A summary,

In this article, we will talk about how to optimize the performance of HDFS when a large number of clients concurrently write data.

Second, background introduction

To introduce a little background, if multiple clients simultaneously want to write a file on HDFS, can this be done?

Obviously not acceptable, because HDFS files are not allowed to write concurrently, such as concurrent appending some data etc.

So there’s a mechanism in HDFS called file contract mechanism.

That is, only one client can obtain the contract of a file on the NameNode at a time before writing data.

If other clients try to obtain the file contract, they cannot obtain it and can only wait.

This ensures that only one client is writing a file at a time.
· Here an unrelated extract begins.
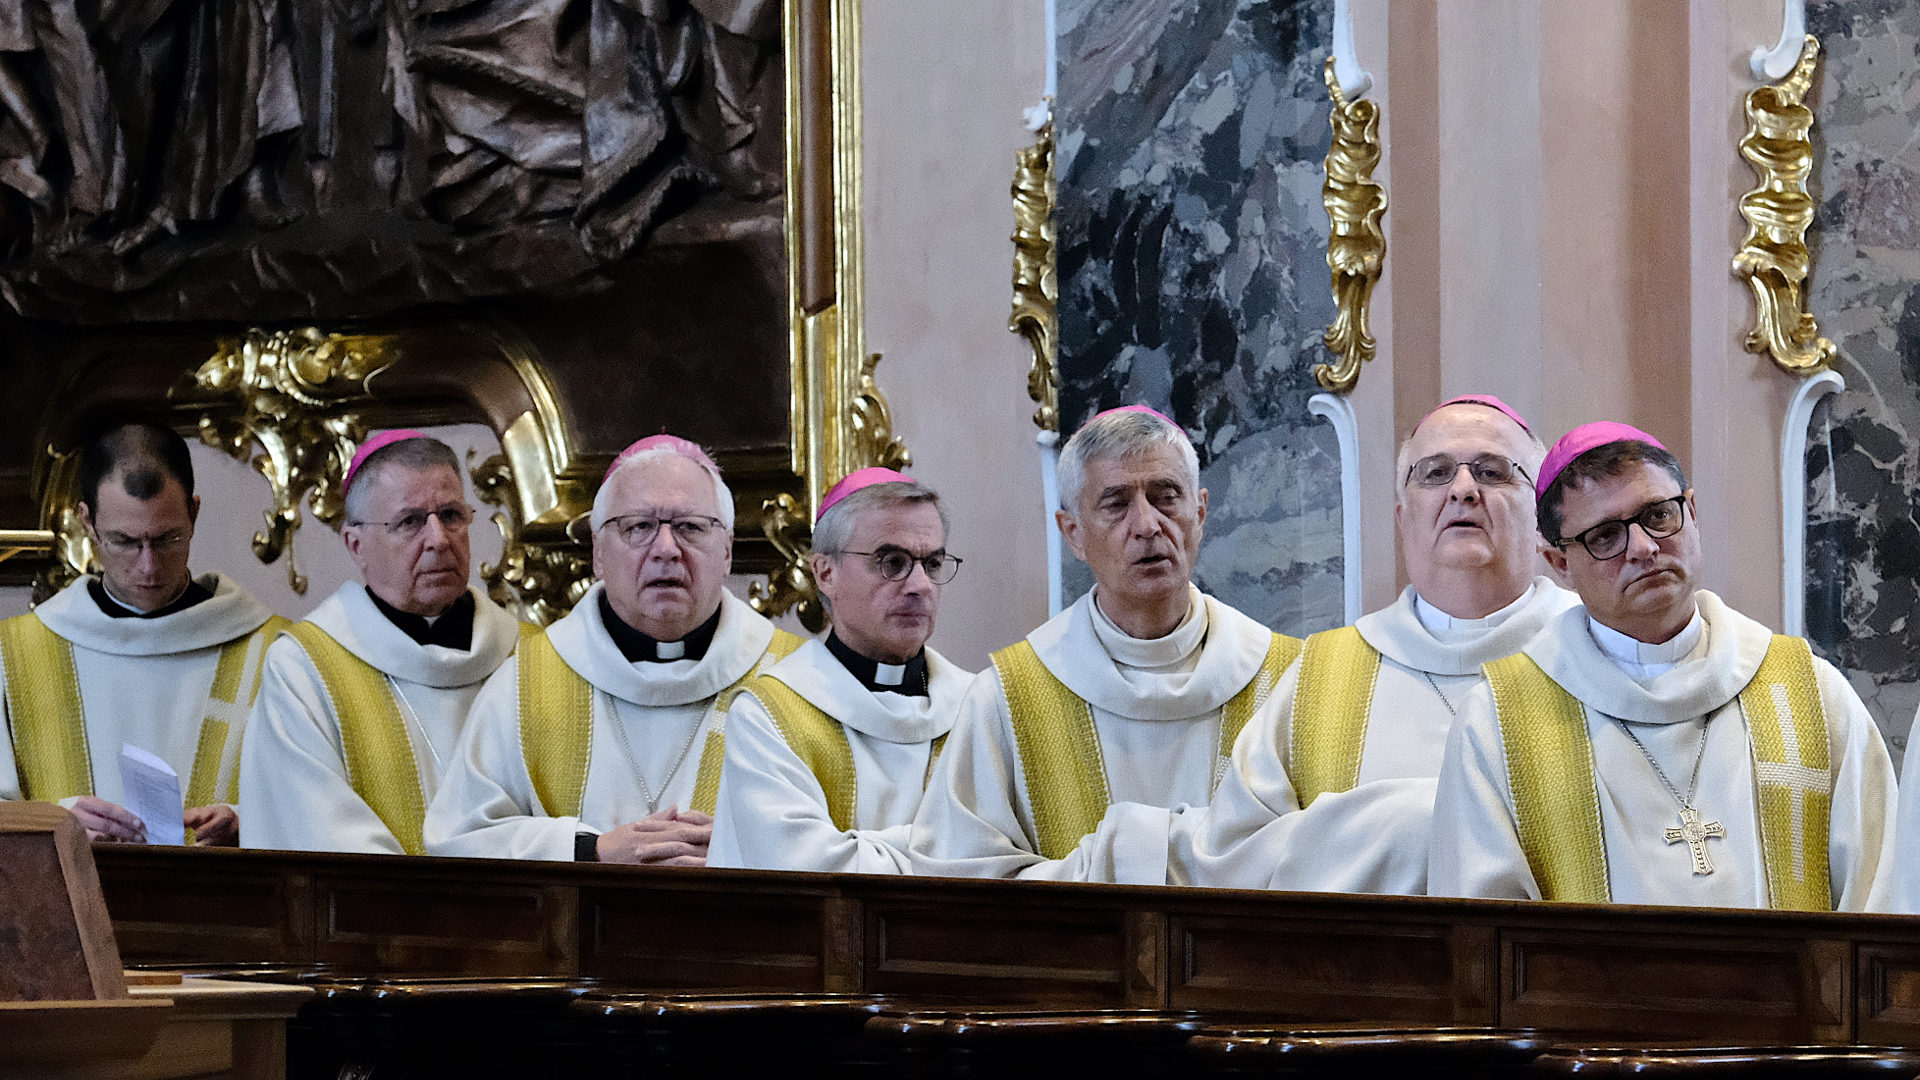 Einige Mitglieder der Schweizer Bischofskonferenz bei einem Gottesdienst in Einsiedeln, 2019

After obtaining the file contract, during the process of writing the file, the client needs to start a thread that keeps sending requests to NameNode to renew the file, telling NameNode:

NameNode, I’m still writing the document. Will you keep the deed for me?
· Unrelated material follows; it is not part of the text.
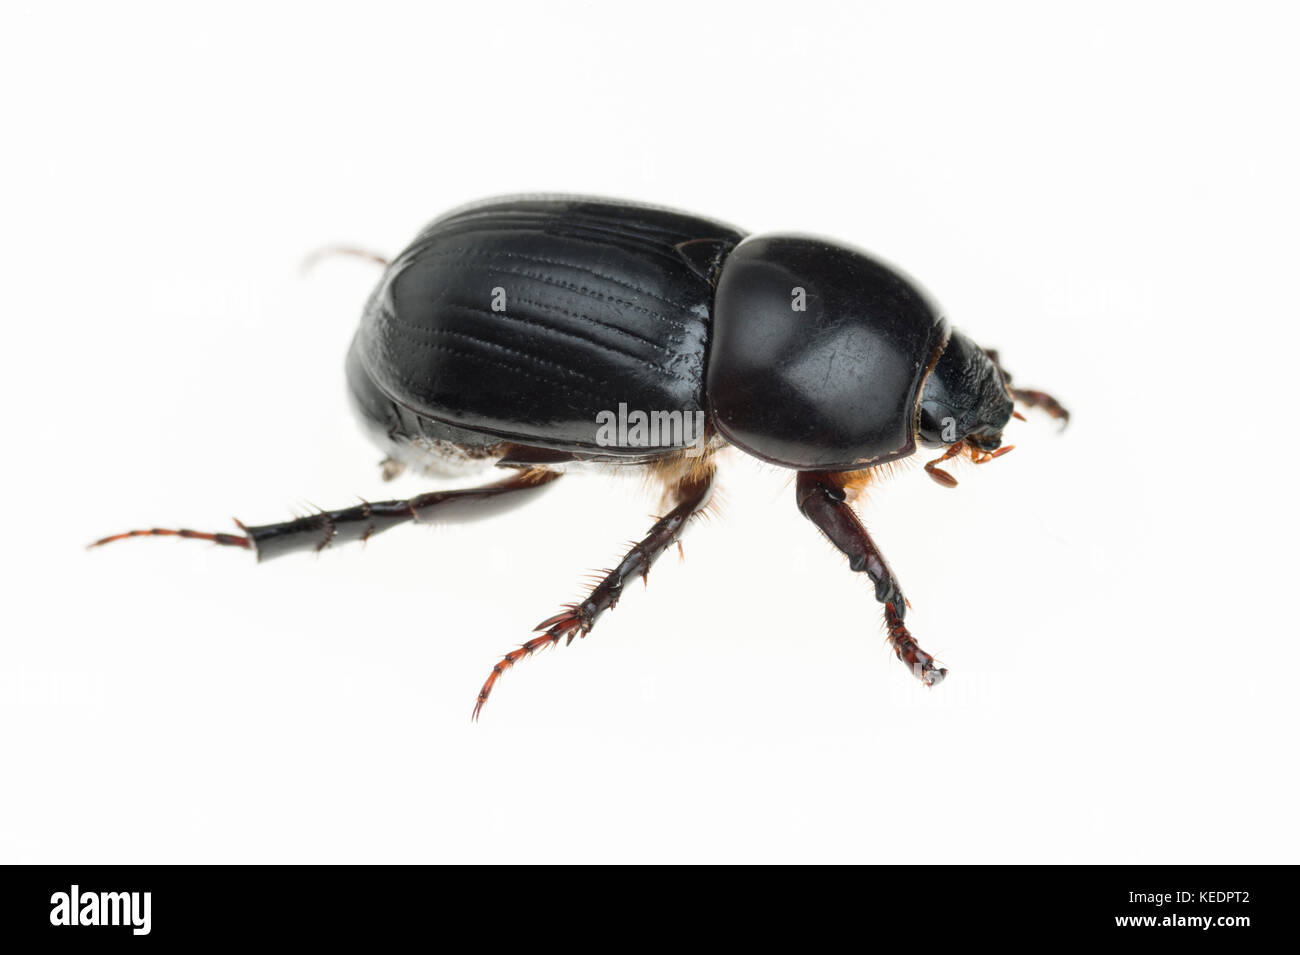 African Black Beetle (Heteronychus arator) ist eine eingeführte Pest aus dem südlichen Afrika, Rasen, Gemüse-, Zier- und einige Früchte. Stockfoto

The NameNode has a special background thread that monitors the contract renewal time.

If a contract has not been renewed for a long time, it will automatically expire and let another client write it.

Said so much, the old rules, to give you a picture, intuitive experience of the whole process.

  


Three, the problem protrudes

Ok, so here’s the problem: if we have a large scale Hadoop cluster, there could be thousands of concurrent clients.

The list of file contracts maintained by NameNode is very large, and the background thread that monitors contracts needs to frequently check that all contracts have expired at regular intervals.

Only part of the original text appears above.